Comparative analysis of the protein three-dimensional structures determined by X-ray crystallography or NMR, furthers our understanding of the factors influencing the native protein fold and suggests rules to guide the prediction of structure and function from the amino acid sequence. Traditionally, these analyses have been performed with bespoke Fortran programs that access flat files of coordinate data. Attention has focussed recently on using commercial Relational Database Management Systems (RDBMS) to store the coordinate and derived structural information (e.g. torsion angles, accessibilities, secondary structure, etc.) whilst making use of the SQL language to query the data [2][1]. However, both traditional Fortran and RDBMS are limited by the inflexibility of the data storage format and the query language. Whilst in principal all queries can be answered through a conventional programming language such as Fortran or C, the effort involved in coding the question can be formidable. Furthermore, if the first question leads on to another, then a similar programming project must be undertaken to answer the follow-up query. In contrast, the RDBMS systems provide ready access to simple queries of the data without the need for complex programming. Unfortunately, the query language SQL can only represent simple tabular data structures, and the underlying relational model, though well suited to tables of names and addresses, wages etc., does not cope well with the naturally sequential protein structural data.

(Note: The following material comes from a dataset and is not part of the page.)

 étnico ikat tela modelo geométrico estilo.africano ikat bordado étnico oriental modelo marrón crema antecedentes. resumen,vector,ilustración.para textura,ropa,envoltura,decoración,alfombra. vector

Gray et al. [3] have described an object-oriented database of protein structure. Their system explores the advantages of a system developed in the logic programming language Prolog. The relational data structures and unification based retrieval used by Prolog provide flexible ways of accessing structural data, and Prolog's symbolic (rule-based) programming style enables many aspects of structure analysis to be represented directly.
Our work on representing protein structures in Prolog described in this paper has developed out of the successful initial investigations into using logic programming techniques to represent and search for topological motifs [4]. Subsequent studies have made use of symbolic logical descriptions of protein structures during protein structure prediction [5], as a common platform in the PAPAIN project to develop a knowledge-based environment for the interpretation of protein sequence data [6], and for the prediction of protein topology [7]. Here, we extend the original representation of protein structure which was centered around protein topology, to include more detailed structural information. Particular attention has been paid to the representation of hydrogen bonding patterns, and the systematic classification of protein secondary structure using Kabsch and Sander's definitions [8].